The main thing that we would have liked to have worked more on would be the createExp.pl script. We would have liked to have added a feature where you can change different configurations in the .cfg files. This would make it more useful in the future, especially when teams compete against each other at the end of the semester. Instead of having to manually go into the .cfg file, you would just be able to edit it through our script. As of right now, you can only create an experiment using one of the switchboard sizes and default settings. Our script also does not run the decode for unseen data, only seen data. Had we had more time these are two things we would definitely have wanted to finish. I think it would be a good place for a future group to start at in order to get themselves into the project.


Data

Our recommendation for future classes working on the data would be to work with the experiment team on the verify_all.pl script.
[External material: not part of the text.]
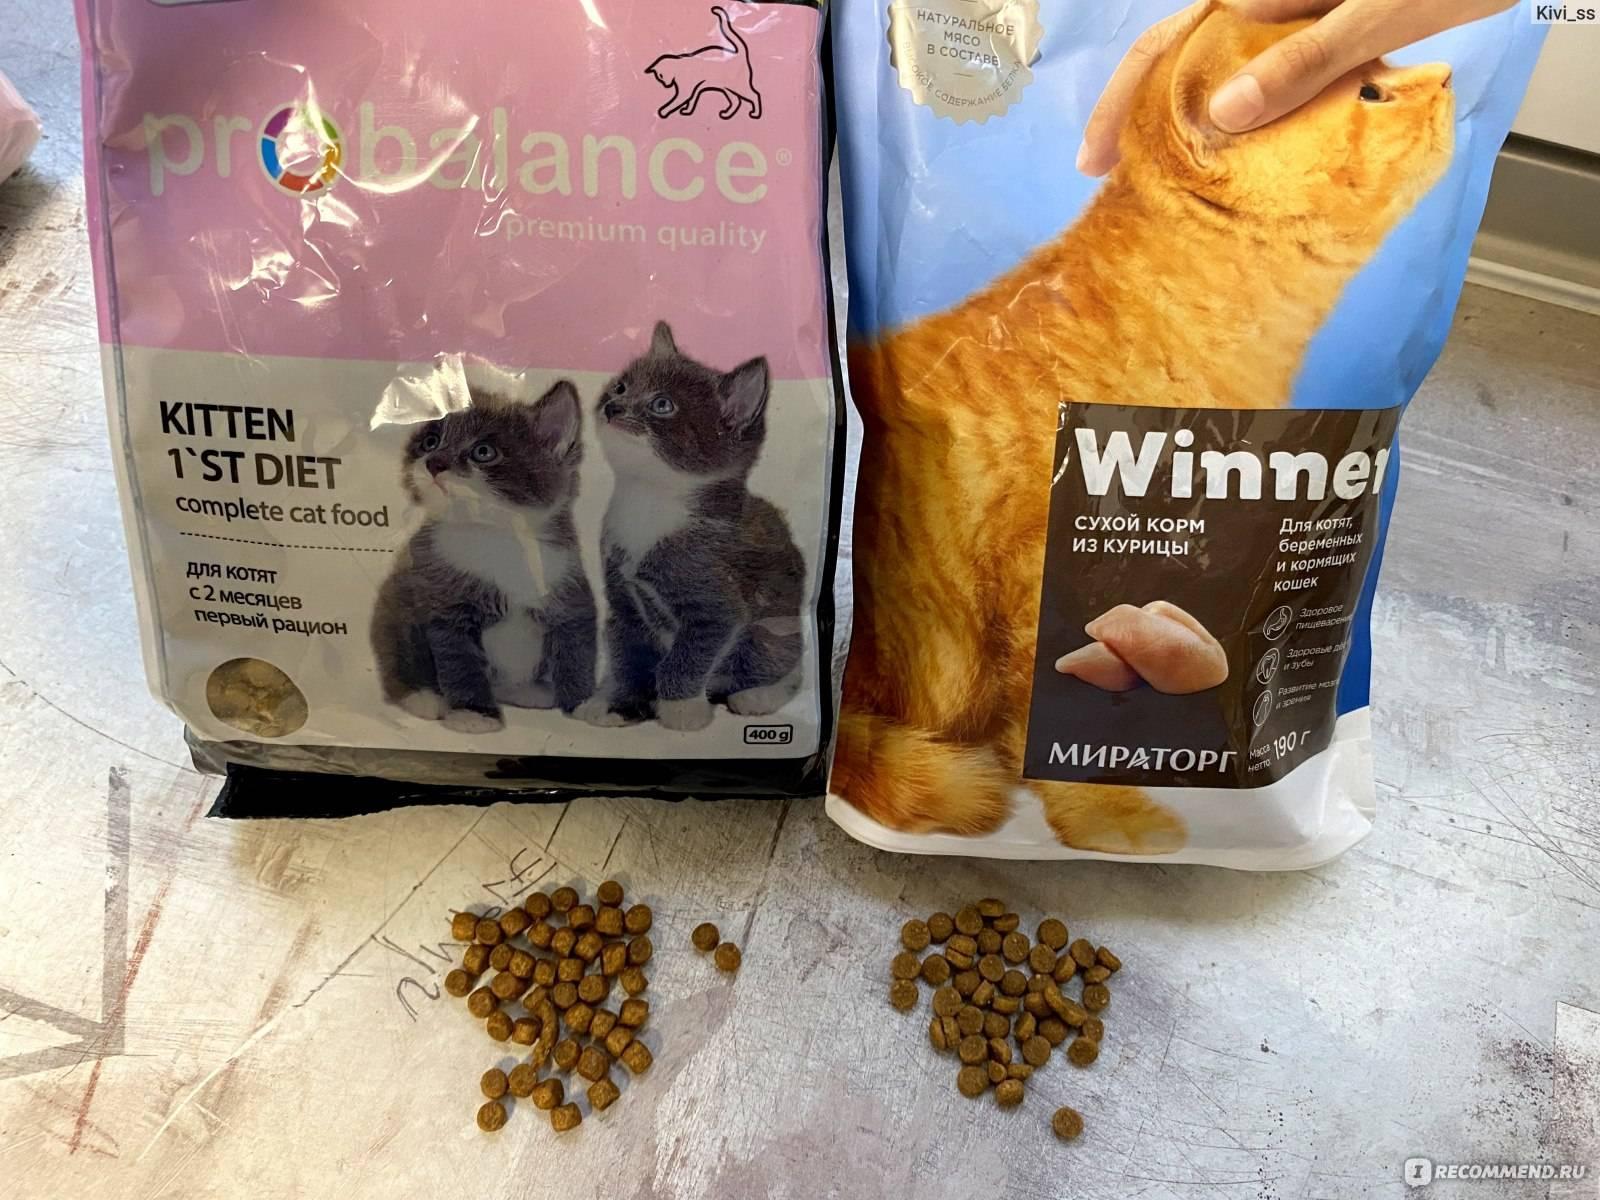 Корма для кошек, какой корм лучше для кошек, лидер рейтинга производителей, официальный сайт акана: производство и продажа корма для кошек, где купить, отзывы о корме акана

We were unable to successfully fix the errors that we received once the new regular expressions were added to the genTran.pl script. Similarly, the improved dictionary does not work due to errors in the verify_all.pl script. Some of the core files released by CMU may need to be edited, so a group with programming knowledge might be the best course of action for the future. The Sequence-to-Sequence G2P toolkit with TensorFlow might be something worth looking into for future groups as well.

Systems

The future systems team needs to work on finishing the backup server and make sure it can sync the backups on a regular schedule. Then, the focus should turn toward getting Torque installed on all of the drone machines and figure out how to get them all to work together to run trains and decodes. Next, the wifi dongle is going to need to be troubleshot on getting it to connect to the UNH secure network or figure out how to not get the connection to timeout after 30 minutes. Giving an Internet connection to every machine will help with keeping the systems up to date and patched. Lastly, we recommend taking a look at the hard drives in each drone to make sure that there are separate partitions and the boot drives can be cloned. During their semester, the future class will also need to focus on maintaining the systems and support the needs of the other groups when they ask for it.